La sala de estar se abre al comedor, comunicado con la cocina contigua por una puerta de vidrio, diseñada por el arquitecto con un gran tirador de acero, que potencia más la claridad. Por su parte, el dormitorio de esta planta, el único que había antes, se independizó totalmente para convertirlo en cuarto de invitados. Asimismo, Fernando Blanco sustituyó el techo de madera original de la vivienda por planchas de Pladur que aligeran y unifican el interior. Precisamente para reforzar la estética global del conjunto, el suelo de eucalipto existente, al ser imposible de igualar, se reemplazó por una tarima de madera de iroco tratada con aceite. Este pavimento mimetiza ambas plantas y contrasta con las paredes blancas.

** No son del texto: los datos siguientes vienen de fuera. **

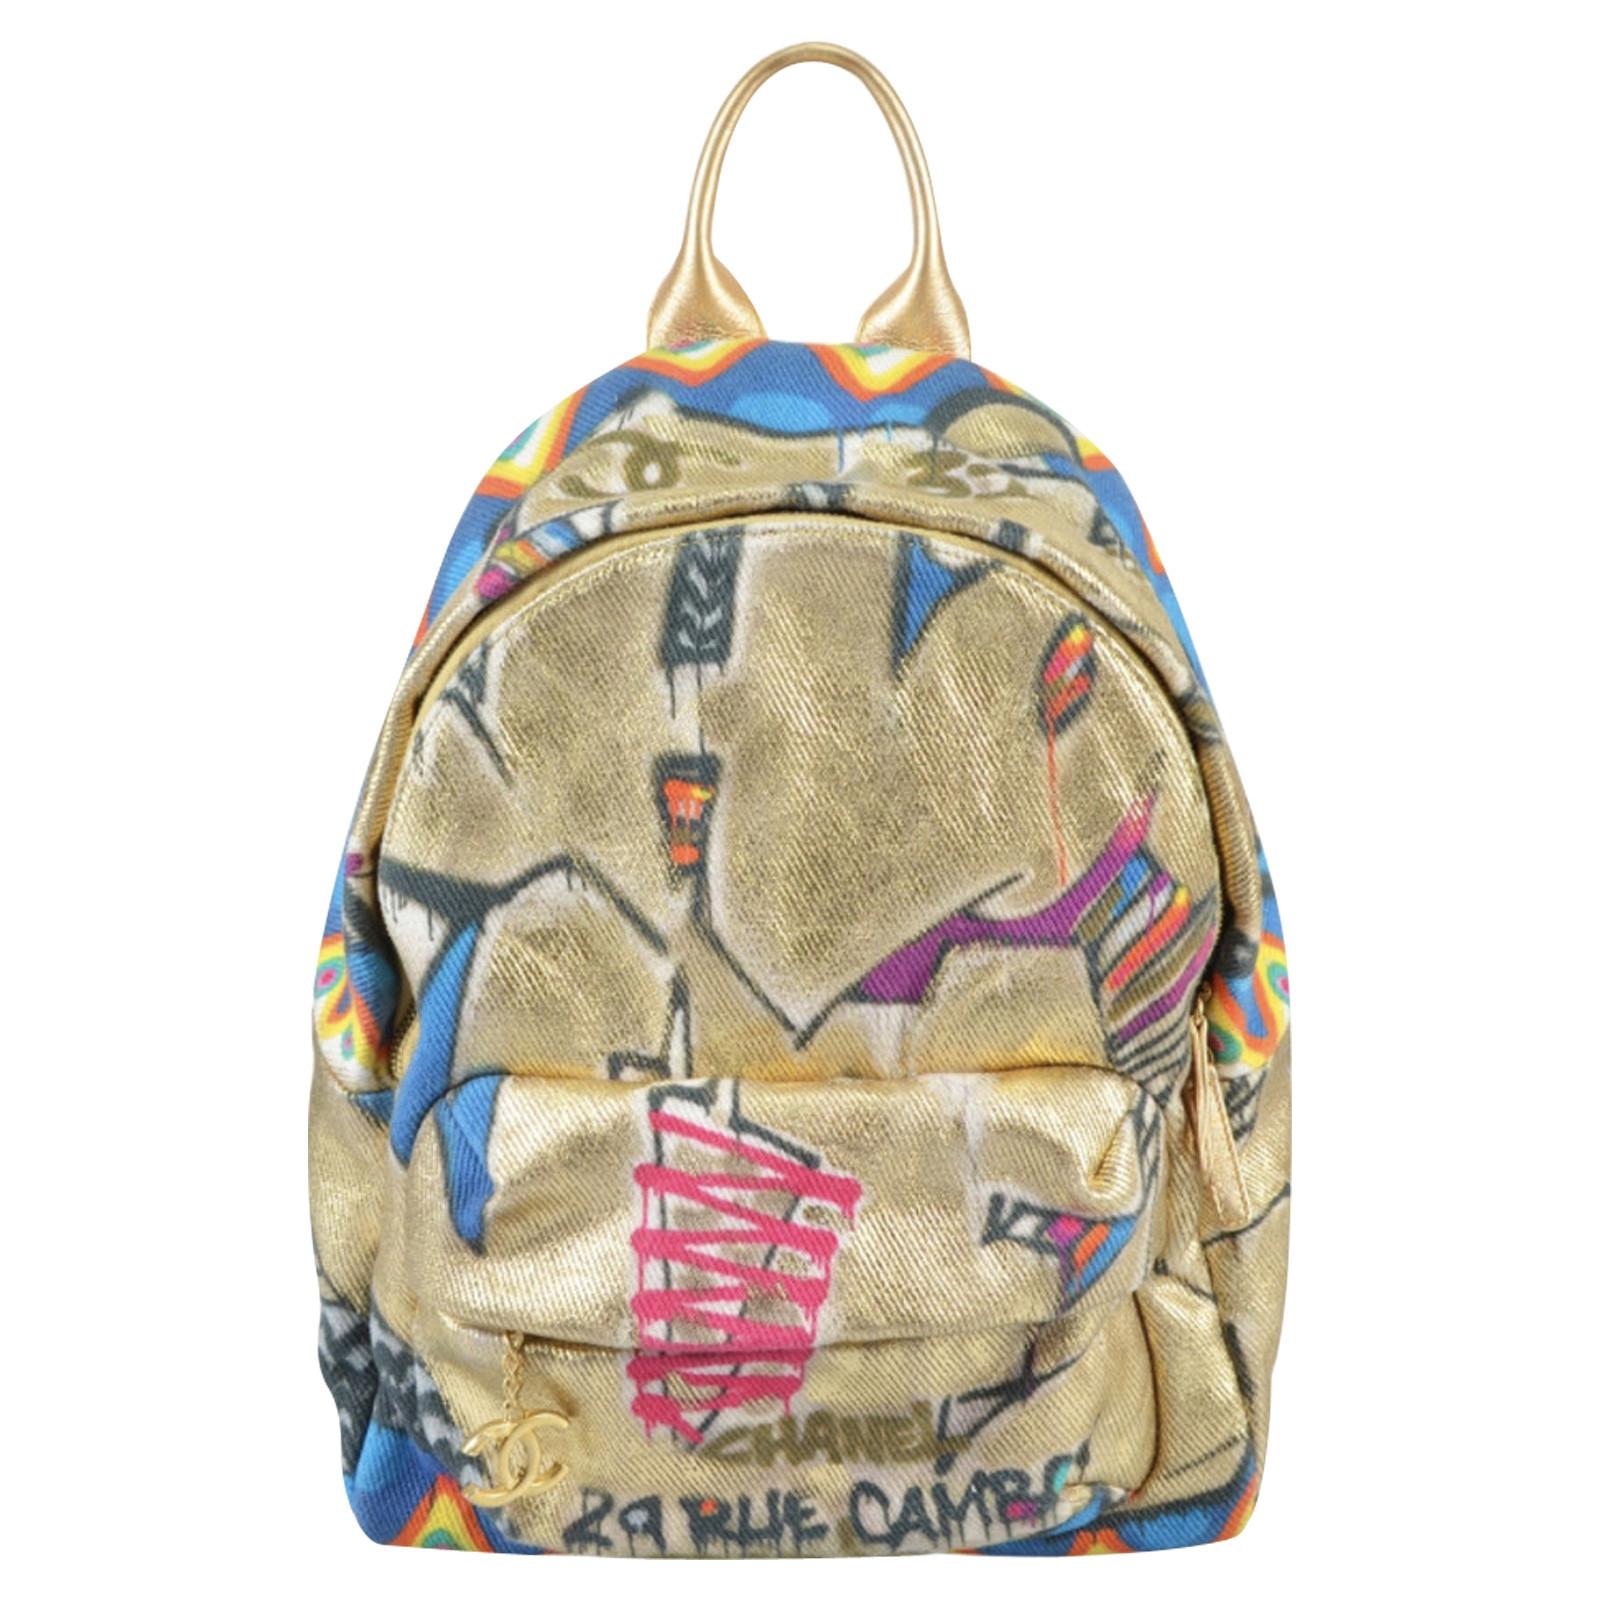 Chanel Graffiti Backpack Linen Second Hand Chanel Graffiti Backpack Linen Buy Used For 3400 4474396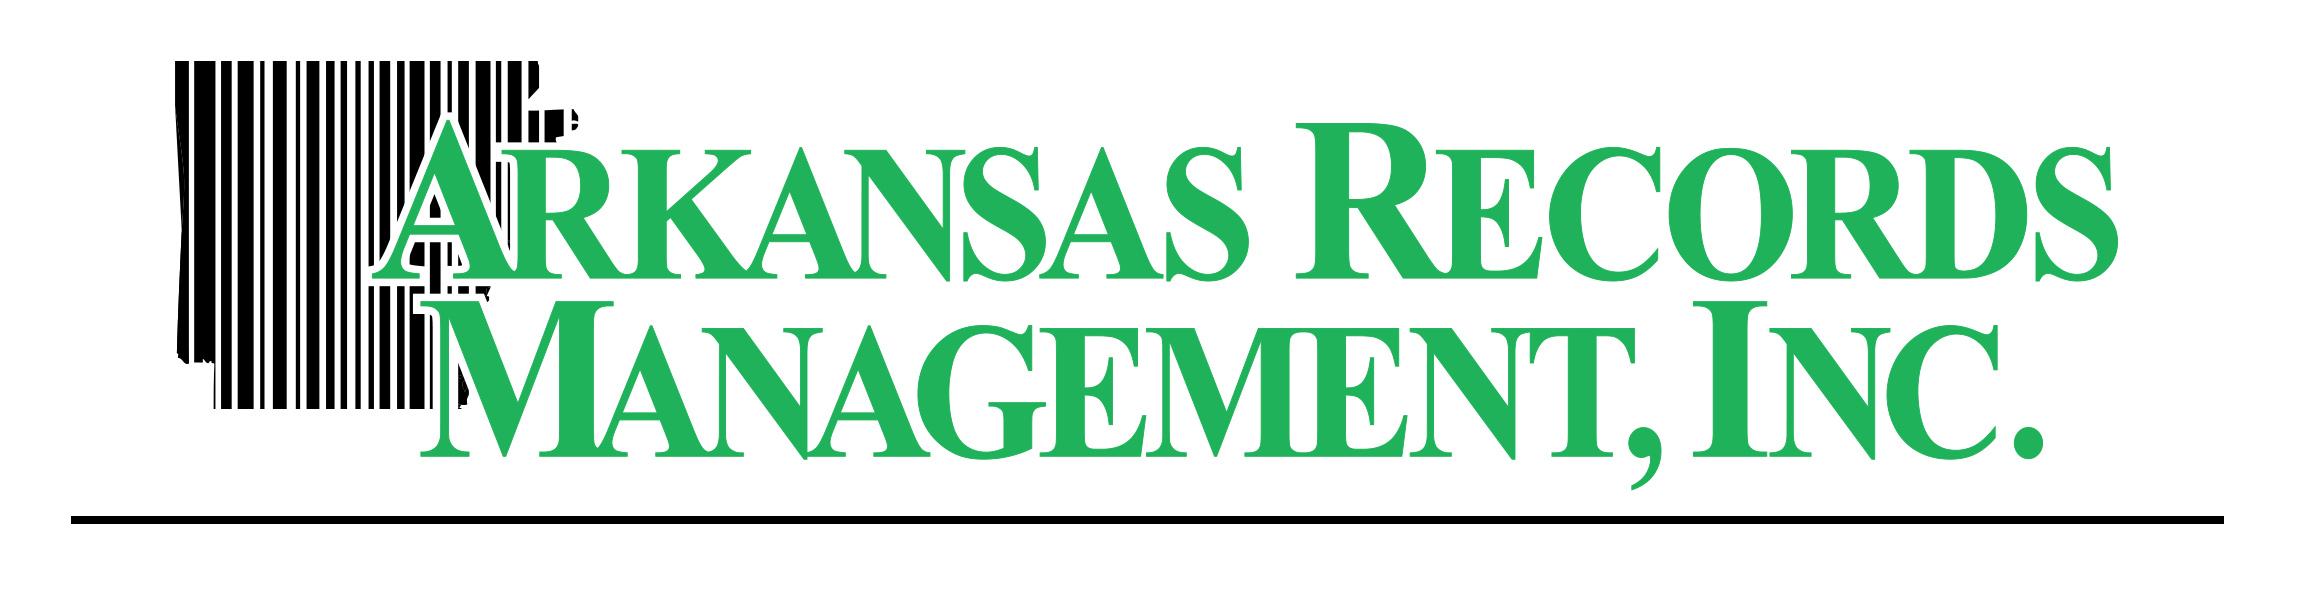 Arkansas Records Management

El nuevo piso superior se distribuye a lo largo de un pasillo que da acceso a dos dormitorios —el principal y uno infantil— y a un cuarto de baño. Delimitada por una barandilla en acero y cristal, diseñada también por Fernando Blanco, esta galería se abre visualmente al salón y se ha equipado con una librería de gran tamaño realizada a medida en DM lacado en el mismo tono de la pared y del techo. La puesta en escena llevada a cabo refuerza la sensación de amplitud en el interior con una cuidada estética que conjuga maderas en tonos claros y diseños ultraligeros de líneas rectas. La falta de luz tan habitual en el norte se compensó con estores en fibra de vidrio, que dejan pasar la claridad sin deslumbrar, y visillos blancos de algodón. Los colores neutros y relajantes que dominan las estancias, como el gris y el crudo, realzados con certeros contrastes en blanco y negro, contribuyen a crear una atmósfera relajada que rinde culto a la comodidad.